## EXERCISE REQUIREMENTS:
Your answer must be an exact copy of the data, without any pictures.

## DATA EXTRACT:
________________________
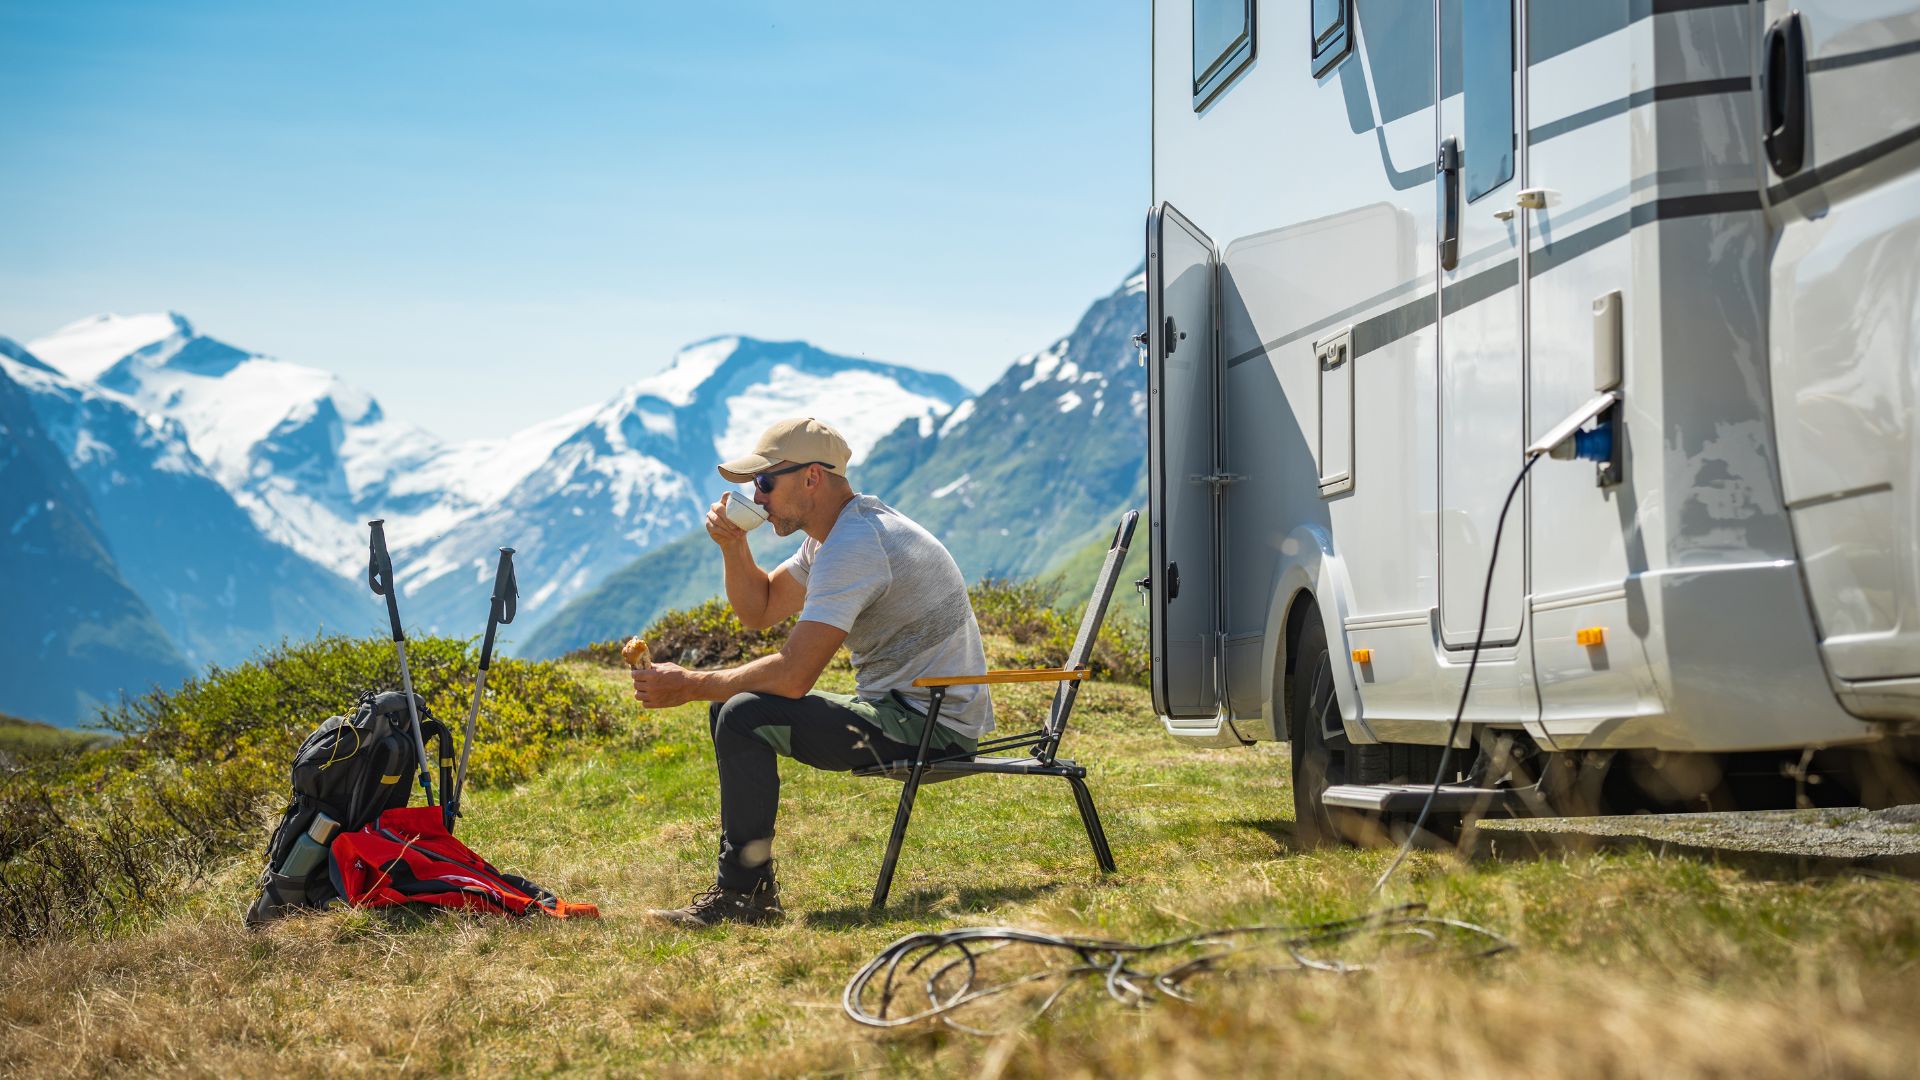 Camping Generators review
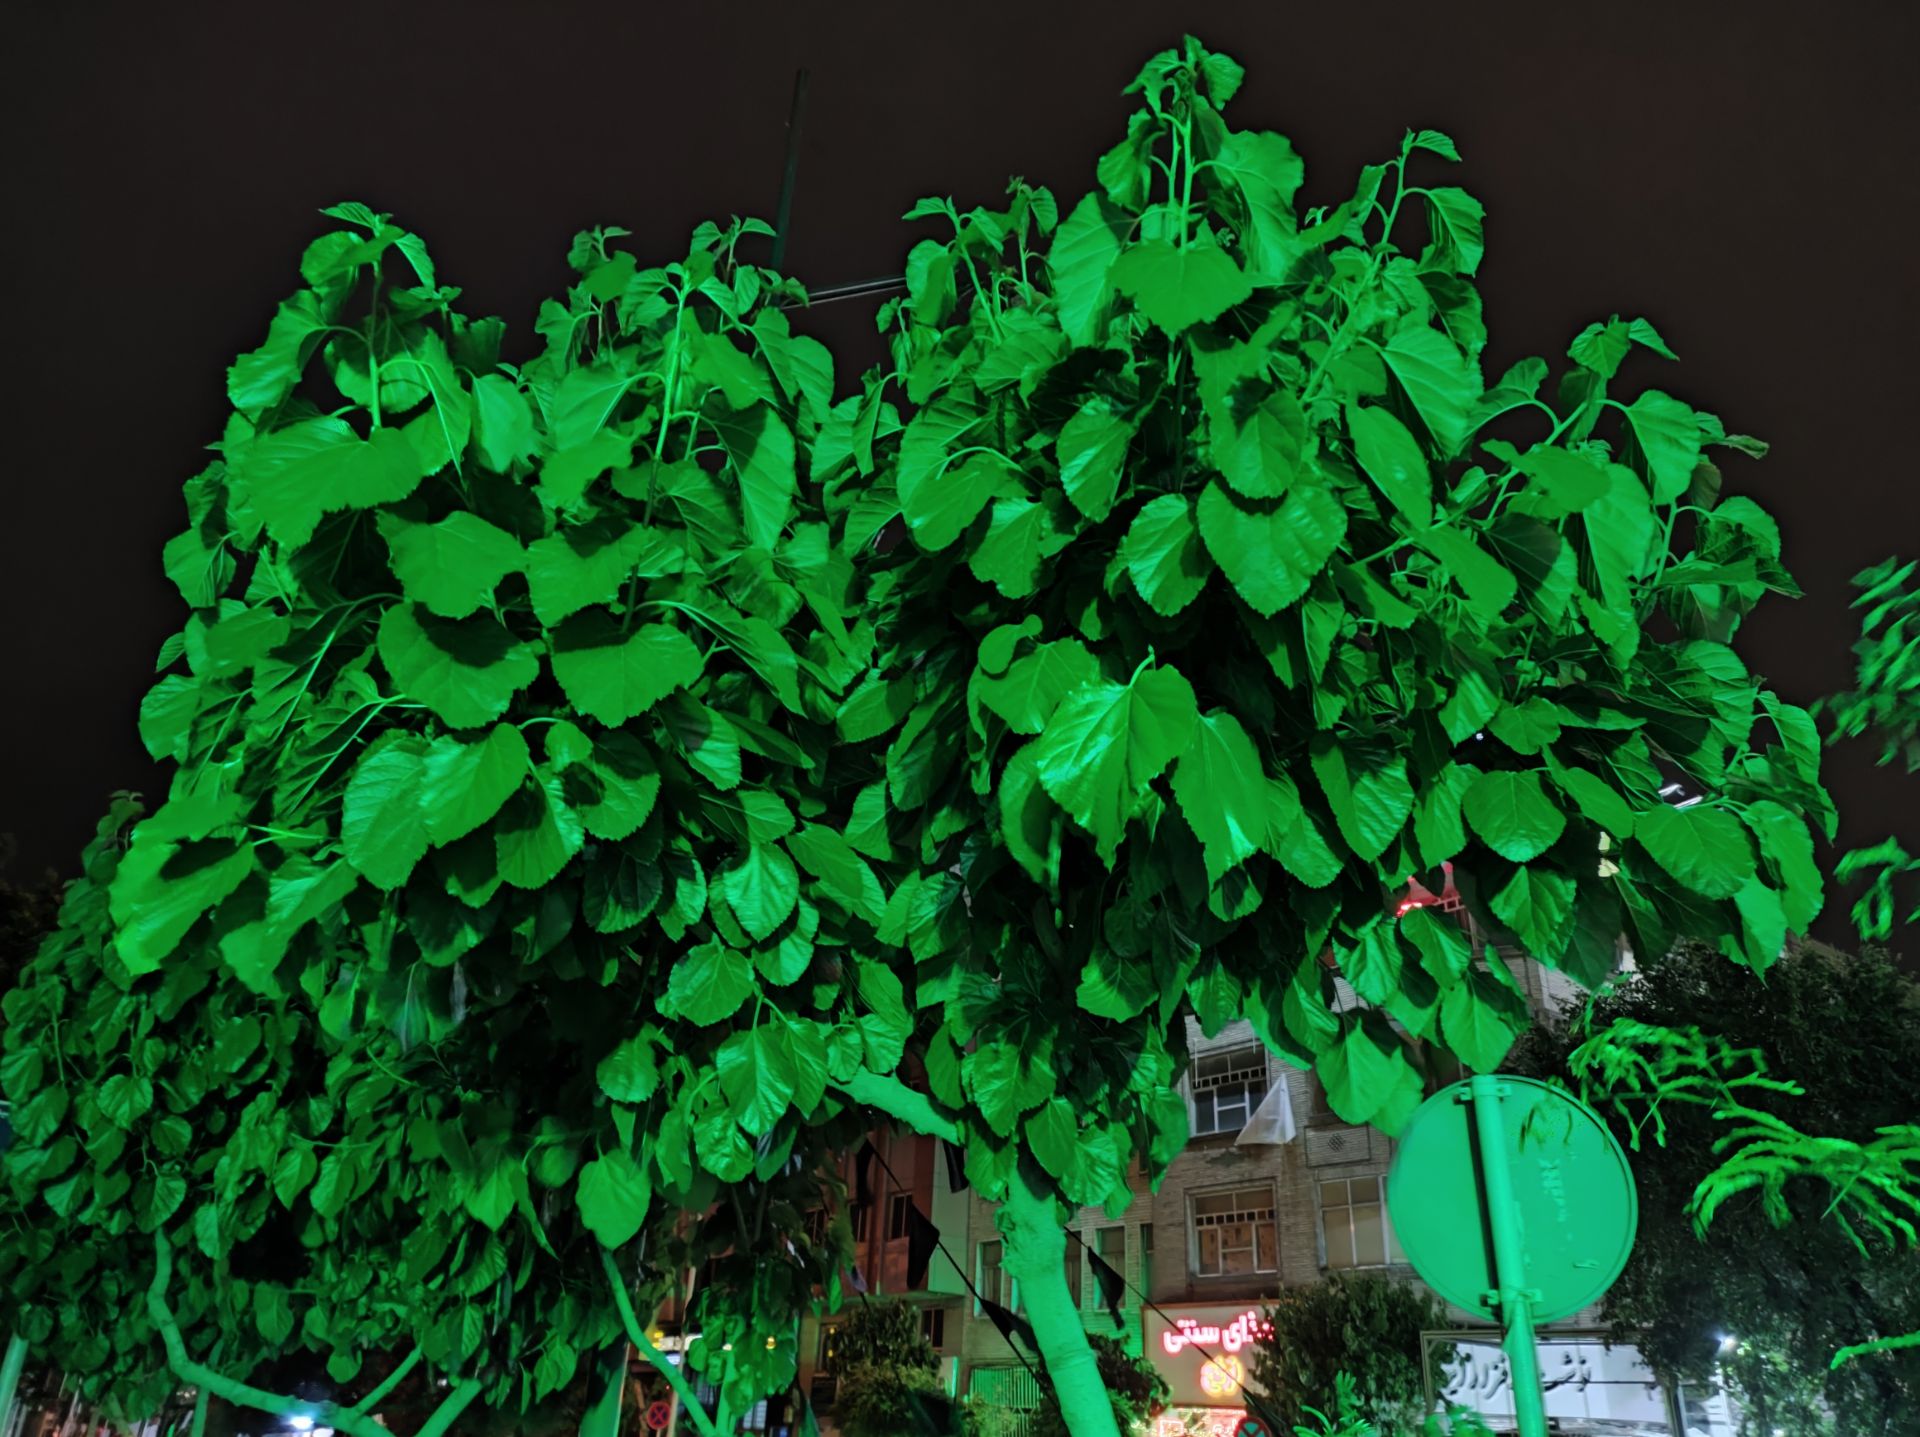 نمونه عکس دوربین اصلی می ۱۱ لایت در محیط تاریک - برگ های درختی در خیابان گلبرگ
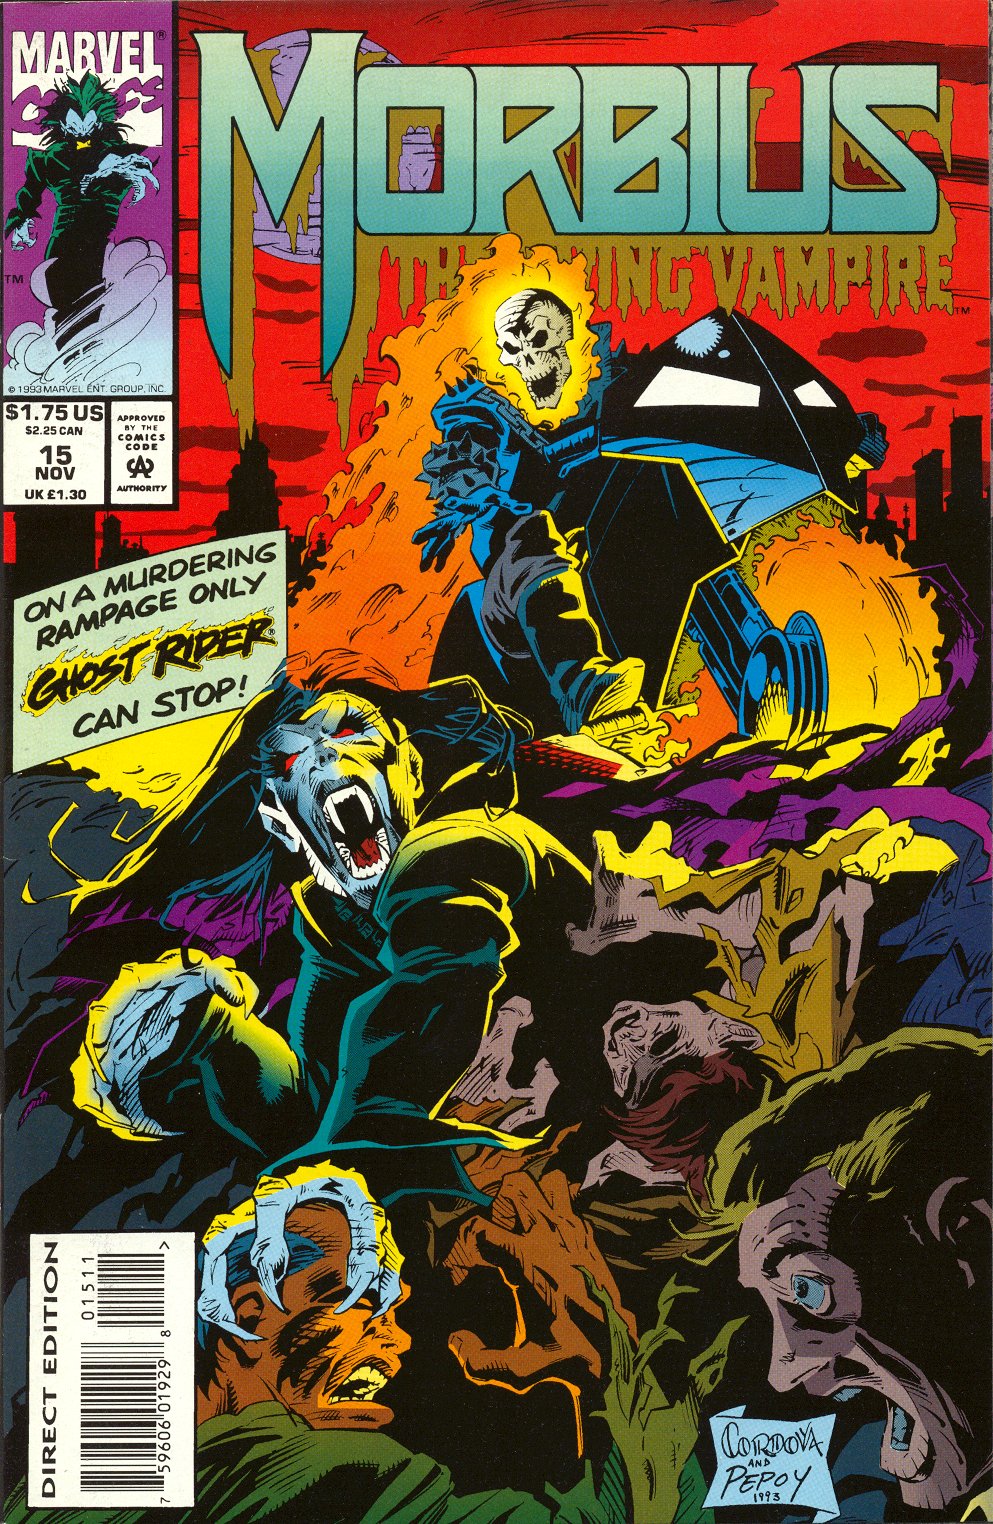 Morbius: The Living Vampire Vol. 1 #15
________________________
## ANSWER:
 Camping Generators review
 نمونه عکس دوربین اصلی می ۱۱ لایت در محیط تاریک - برگ های درختی در خیابان گلبرگ
 Morbius: The Living Vampire Vol. 1 #15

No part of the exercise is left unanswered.